• [TASK PROMPT]: The data that follows is to be copied exactly, with each image removed.
··· INFORMATION SHOWN
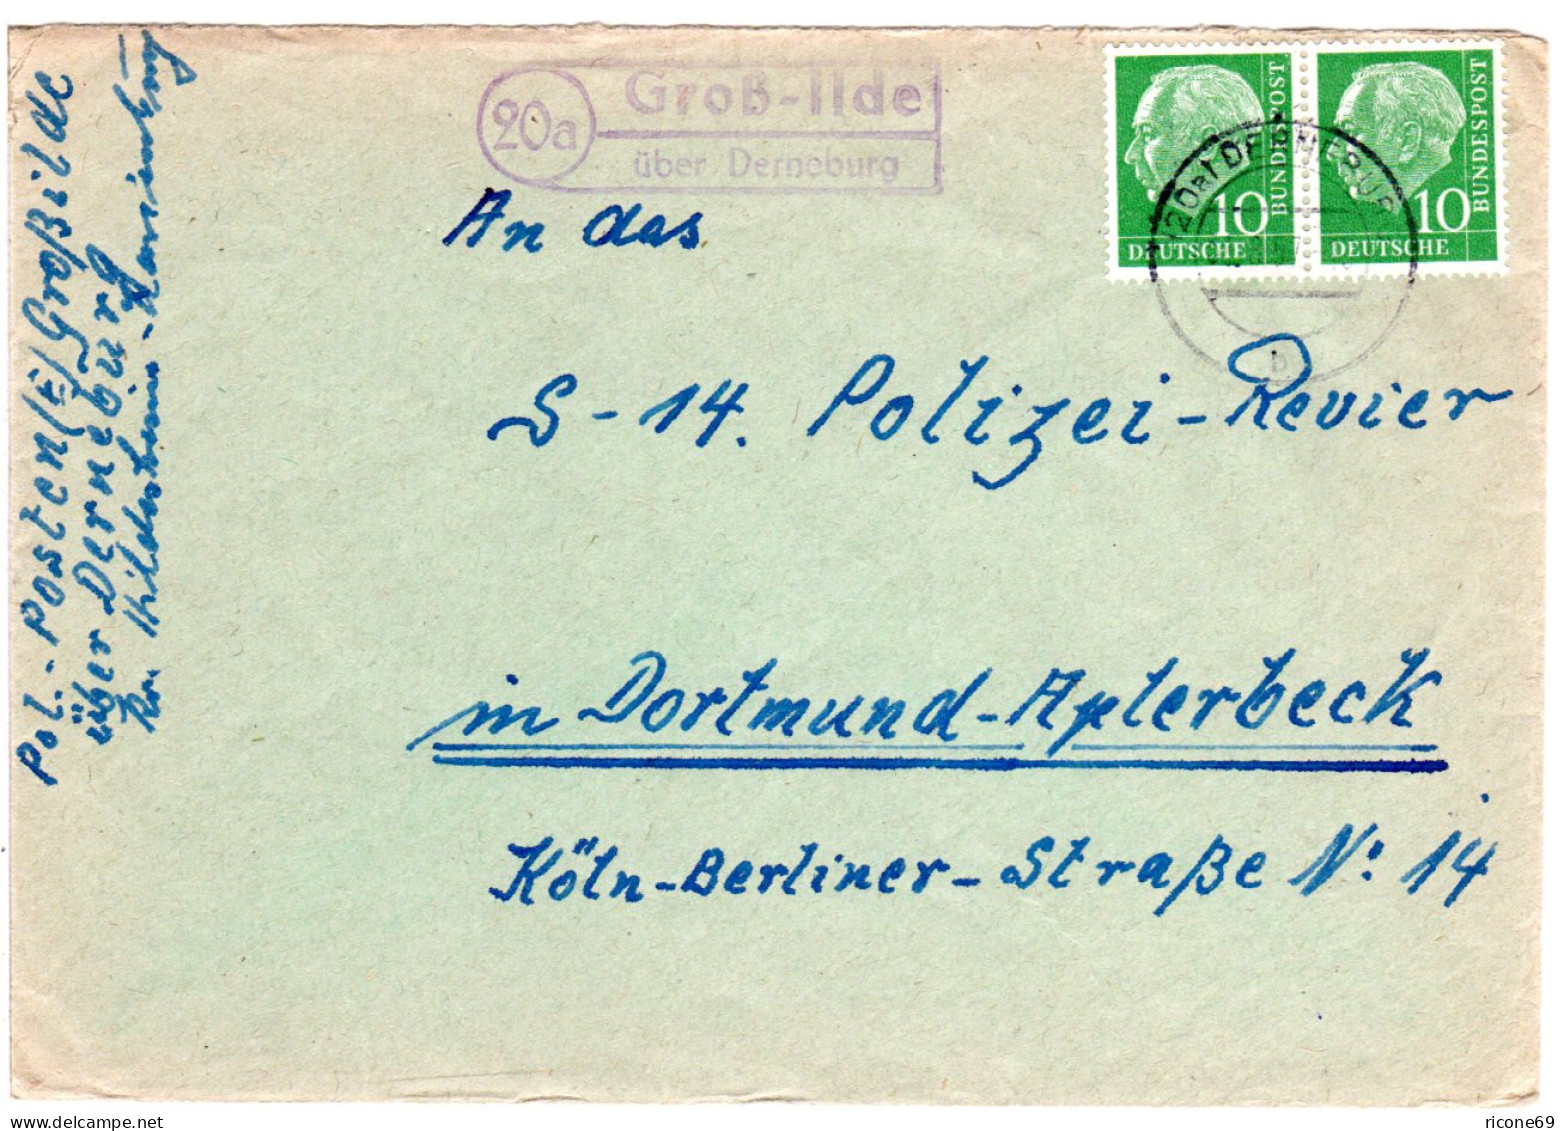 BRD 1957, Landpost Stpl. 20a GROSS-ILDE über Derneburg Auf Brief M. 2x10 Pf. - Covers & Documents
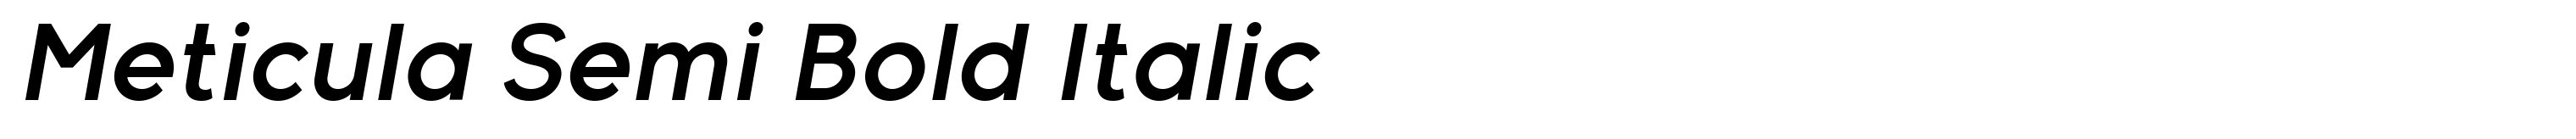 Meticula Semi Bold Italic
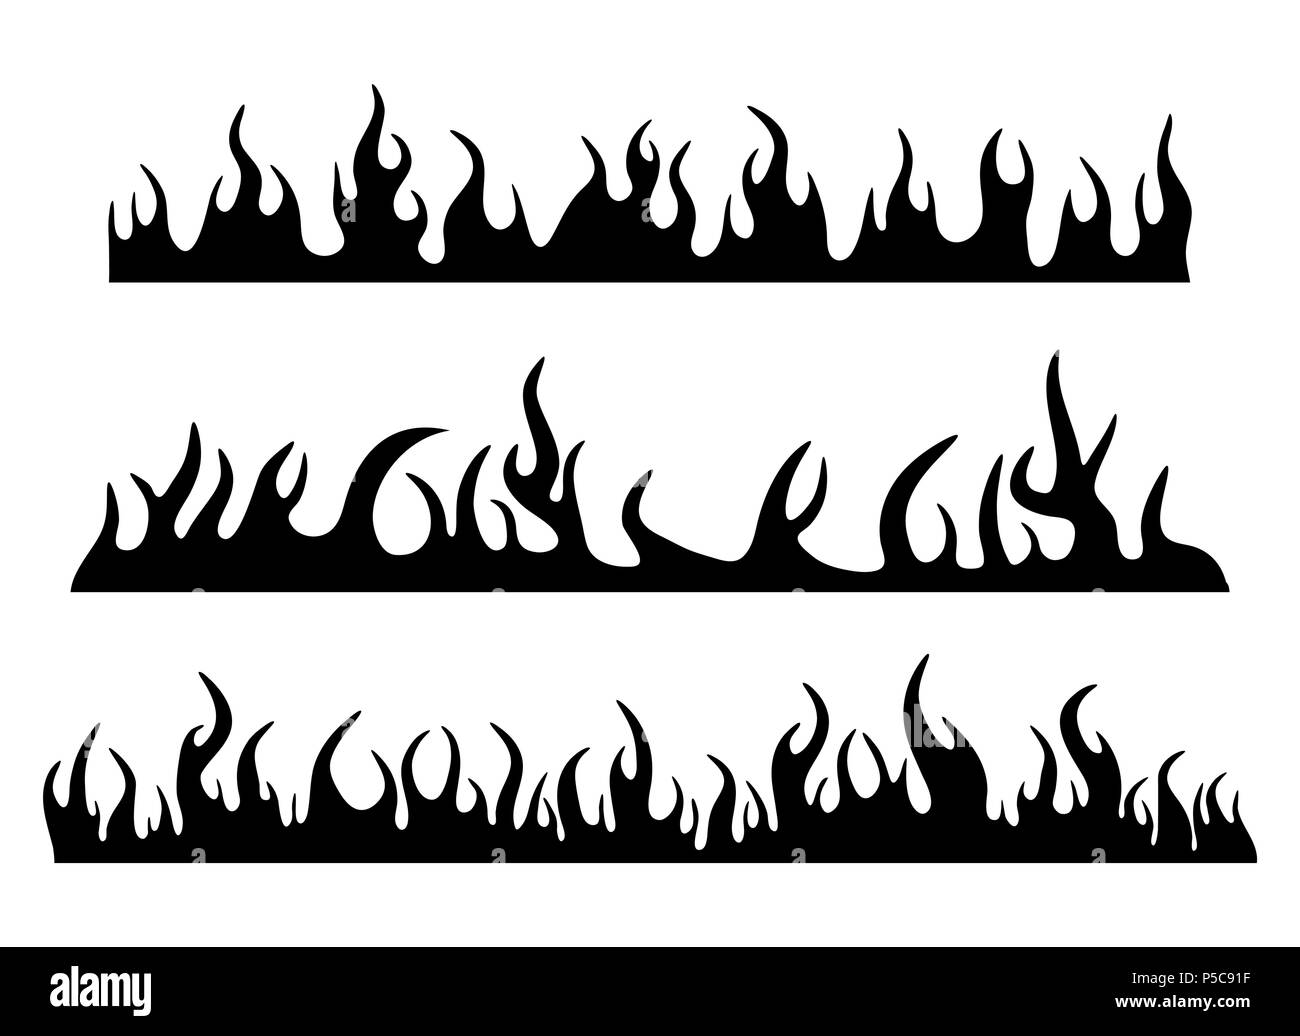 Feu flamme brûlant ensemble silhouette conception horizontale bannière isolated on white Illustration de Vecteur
······
• [WRITTEN RESPONSE]:
 BRD 1957, Landpost Stpl. 20a GROSS-ILDE über Derneburg Auf Brief M. 2x10 Pf. - Covers & Documents
 Meticula Semi Bold Italic
 Feu flamme brûlant ensemble silhouette conception horizontale bannière isolated on white Illustration de Vecteur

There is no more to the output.